The COVID-19 pandemic has upended much of the construction world. From increasing on-site safety measures to implementing new online security procedures, firms across the industry are adjusting to a new normal.
But for some sectors of the industry, the change goes deeper than safety procedures during the construction process, extending to new approaches toward the way space is used once it’s completed.
This issue is particularly important in the world of restaurant construction. With customers increasingly dining at home due to restrictions on indoor dining, the restaurant industry has moved toward expansion in contactless takeout and drive-through dining, with fast food chains leading the way. In parts of the country that are allowing distanced dining, restaurants have moved to construct outdoor seating at an unprecedented rate.
According to Jess Mullen-Carry, founder of Los Angeles-based MAKE Architecture, emphasizing the big picture is the key to helping restaurants—and their designers—respond to changing customer needs.
“You’re trying to keep your options open when designing the space,” Mullen-Carry said. “Our clients are typically designing for post COVID but taking into consideration how the space can be used in the interim.”
A focus on flexibility
Mullen-Carry said that creating room for flexible seating has always been a key aspect of MAKE’s approach to restaurant design. “There’s a few go-to things that allow for seating flexibility,” Mullen-Carry said. “Taking a look at any number of our projects, you’ll usually see the banquette approach, a wall or two of banquet-type seating against which you would put any number of two-tops. Those are flexible and they move, so you can either densify that area or you can loosen it up.”
Prior to the pandemic, banquet seating allowed servers to quickly move tables to accommodate groups of various sizes. Now that states like California, for instance, have a strict six-foot distance mandate in place for in-person dining, restaurants can take advantage of the space the banquette style provides to create a safe margin of distance between tables.
“In the past we’ve created space to encourage privacy and comfort,” Mullen-Carry said. “Now it’s also for safety.”
Restaurants like Bodega Wine Bar, which MAKE constructed before the pandemic, has been able to use this flexible approach to design to re-open its patio dining, thanks to capabilities already built into the space. “None of the places that we’ve done have closed as a result of the pandemic,” Mullen-Carry said. “And I think it might be because often they’re able to re-work their model.”
Outdoor dining holds the key
For projects under construction when the COVID-19 crisis began, Mullen-Carry said that MAKE has emphasized increasing the capacity and accessibility of outdoor dining areas. Restaurants located in milder climates should be able to create expanded or alternative outdoor spaces for the long-term foreseeable future, but for eateries in locations poised for colder seasons to come, it remains to be seen how they’ll be able to adapt.
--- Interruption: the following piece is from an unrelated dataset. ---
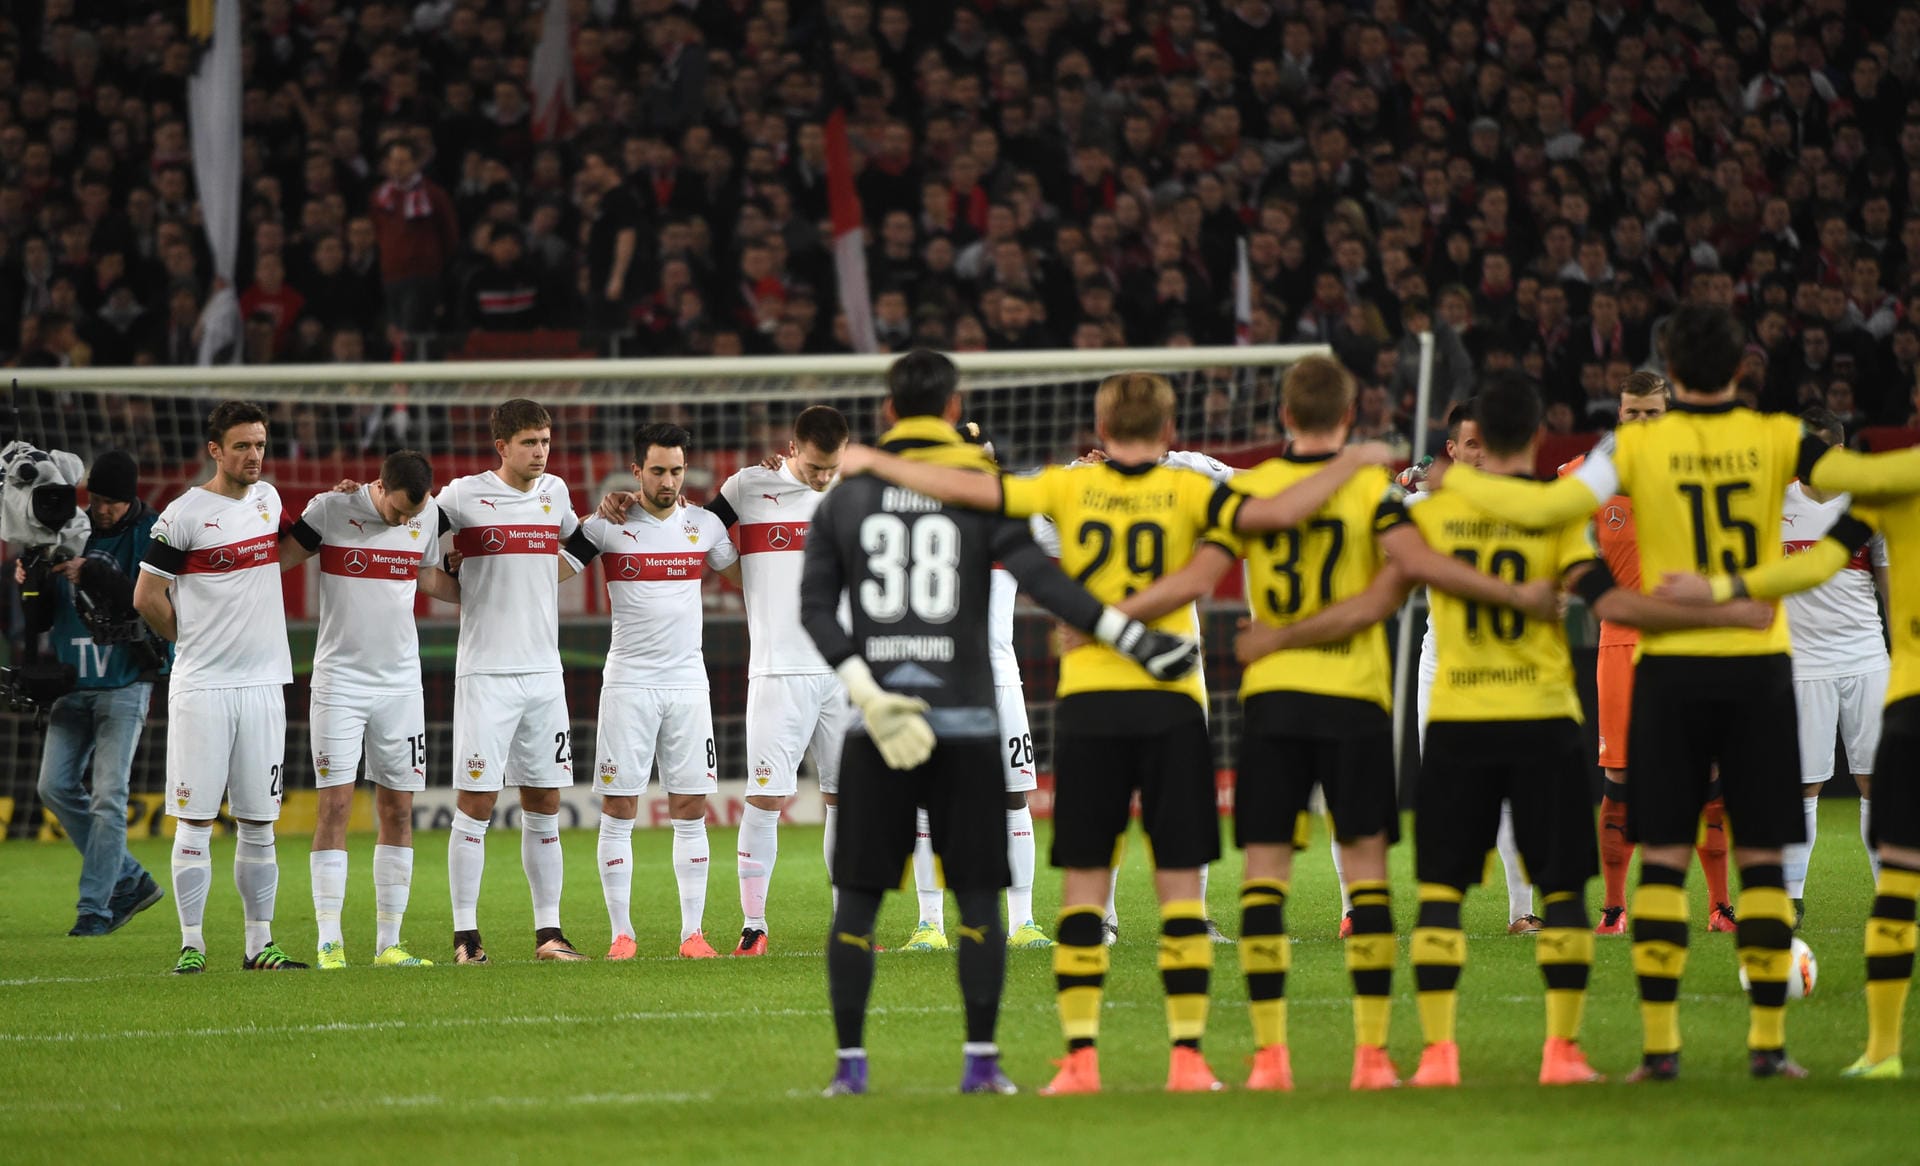 Auch beim zweiten Viertelfinale am Dienstag zwischen dem VfB Stuttgart und Borussia Dortmund gedachten Spieler und Zuschauer vor dem Anpfiff den Opfern des Zugunglücks.

For Monkish, a brewery and tasting room in Torrance, California, MAKE worked to create a deliberate flow that minimized visitor contact with the interior spaces of the structure. “We paid a great deal of attention to the outdoor space and access to where you could pick up the food, avoiding as much entry to the space as possible,” Mullen-Carry said.
To achieve this, the MAKE team has been intentional about controlling the way visitors access the brewery space. “The logical entry to the space is not through the garden because it’s further away from a lot of the parking,” Mullen-Carry said. “But we’re designing it with the flexibility that, in the short term, anybody who’s planning on dining at the location or picking up a to-go order would come and arrive through the garden area.”
Creating outdoor-only dining areas has changed the way Mullen-Carry works with exterior space. “In the past, we often created outdoor space as a kind of a surprise,” Mullen-Carry said. “It’s the secret garden; it’s your procession. Well, COVID sort of flips that on its head. You have to create a very deliberate flow when you think about designing these spaces, and consider how to make sure diners have a great experience without having to go inside.”
The new normal
As the world continues to cope with the changes propelled by COVID-19, Mullen-Carry believes that certain aspects of restaurant design will become less common, particularly the open kitchen. “A lot of restaurants now open the kitchen,” Mullen-Carry said. “What used to be tucked away with doors on it is now where everybody wants to hang out. But until there’s a vaccine, the open kitchen concept is going to have to be behind a piece of glazing—for people’s safety and comfort.”
While some eateries may move out of the public eye entirely into spaces like ghost kitchens, which focus exclusively on delivery, Mullen-Carry said these spaces function more as “fulfillment centers” than social spaces. “On the base level of eating,” Mullen-Carry said, “people don’t really care. They want to eat; they want it to taste good. But from our perspective, what does that do for the human spirit?”
The biggest challenge for the restaurant construction world, during COVID-19 and beyond, will be finding ways to help people feel safe gathering to eat—a ritual as much about the social interaction as it is about the food and drink.
“The big intent of gathering humans together to eat and drink in a bar or restaurant setting is the social aspect,” Mullen-Carry said. And with flexible design choices that prioritize science and safety, mindful restaurant construction can help preserve those joys through the pandemic and beyond.